«Будущее принадлежит параллельным вычислениям». MaksSun
Введение
Золотые времена подошли к концу, когда разработчикам можно было ничего не делать, а программное обеспечение работало с каждым годом все быстрее.
Распараллеливание на уровне данных. Принцип "Разделяй и властвуй".
Алгоритмы последовательных сортировок в прямом виде достаточно сложены для распараллеливания. Поэтому прибегают к стратегии «разделяй и властвуй».
Принцип «разделяй и властвуй» является одной из фундаментальных стратегий в разработке параллельных алгоритмов. Он заключается в разбиении задачи на более мелкие подзадачи, решение которых происходит независимо, а затем объединении результатов этих подзадач для получения окончательного результата.
Принцип «разделяй и властвуй» широко применяется в параллельных вычислениях, чтобы увеличить производительность и эффективность выполнения задач. Он основан на идее, что сложную задачу можно эффективно решить, разбив ее на несколько более простых подзадач, которые могут быть выполнены параллельно.
Процесс параллельного распараллеливания «разделяй и властвуй» включает следующие шаги.
Разделение. Исходная задача разбивается на несколько меньших и независимых подзадач. Это может быть сделано путем разделения данных, декомпозиции пространства поиска или другими методами, в зависимости от конкретной задачи.

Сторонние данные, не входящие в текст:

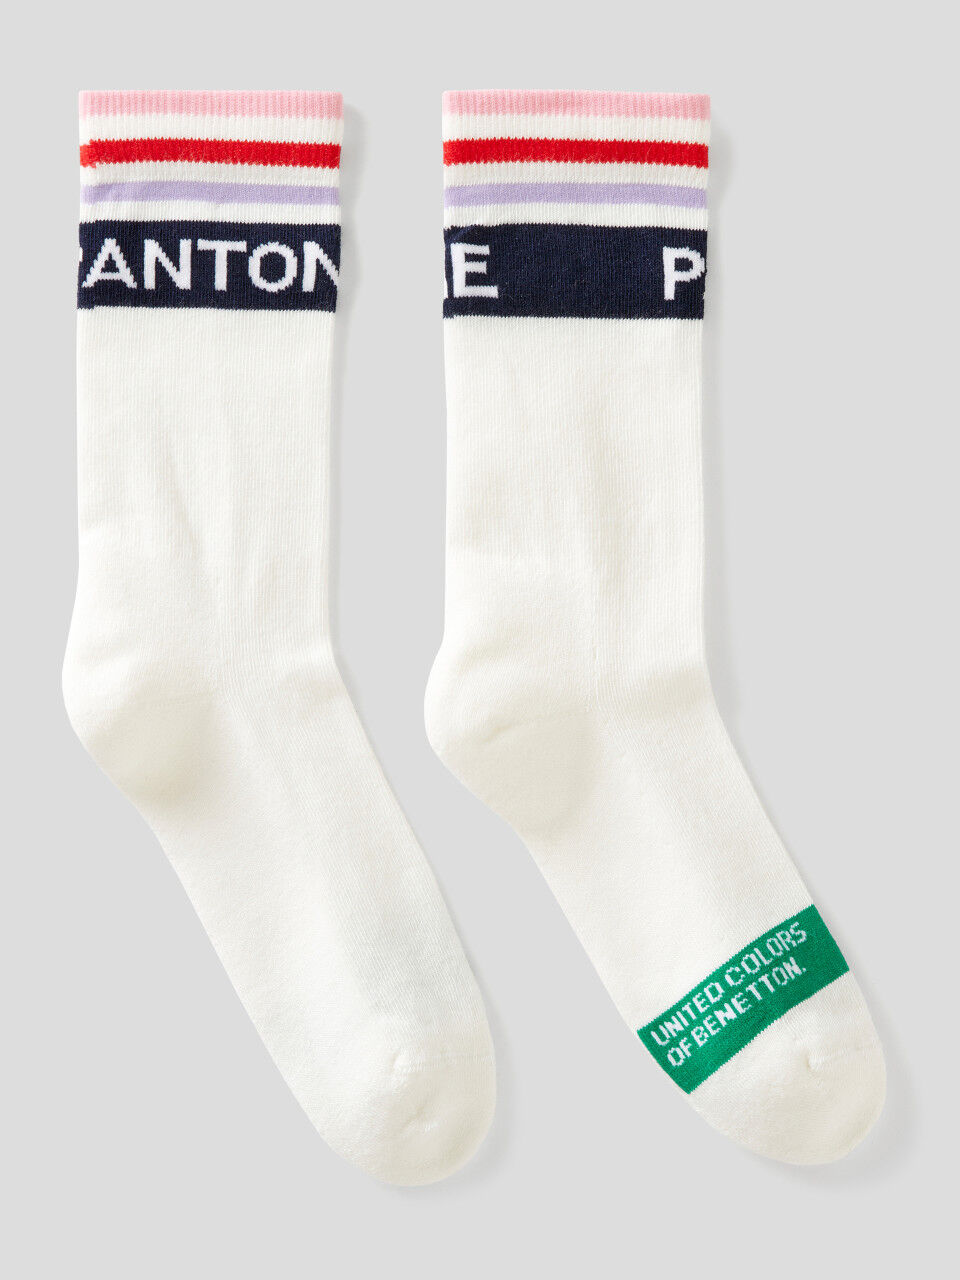 BenettonxPantone™ white socks

Властвование. Каждая подзадача решается независимо и параллельно. Каждая подзадача может быть выполнена на своем собственном процессоре, ядре или узле в вычислительном кластере.

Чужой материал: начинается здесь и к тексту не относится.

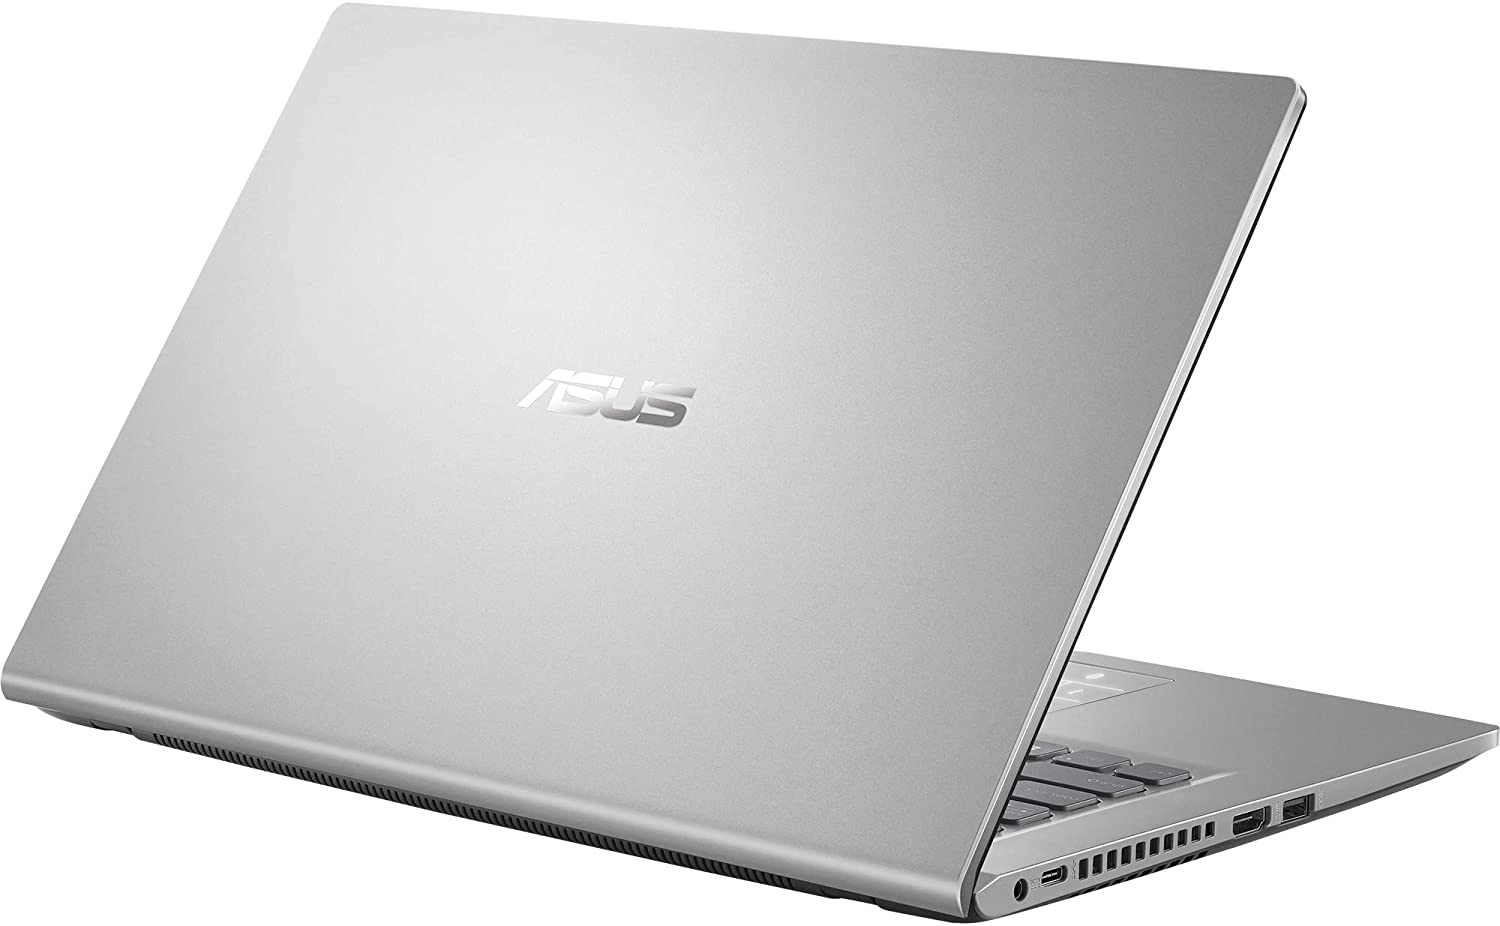 Asus F415JA-EK395T laptop image

Объединение. Результаты выполнения подзадач объединяются для получения окончательного результата. Этот шаг может включать слияние данных, комбинирование результатов или другие операции, в зависимости от характера задачи.
Принцип «разделяй и властвуй» позволяет распараллелить задачи, которые имеют хорошо определенную структуру и могут быть разбиты на независимые подзадачи. Он обеспечивает возможность эффективного использования параллельных вычислительных ресурсов и ускоряет выполнение задач, особенно для больших объемов данных или вычислительно сложных алгоритмов.
Суть метода "Разделяй и властвуй"
Программная реализация
Этап 1
Самый быстрый алгоритм (который я знаю) сортировки является "Быстрая сортировка" используем его для локальной сортировки.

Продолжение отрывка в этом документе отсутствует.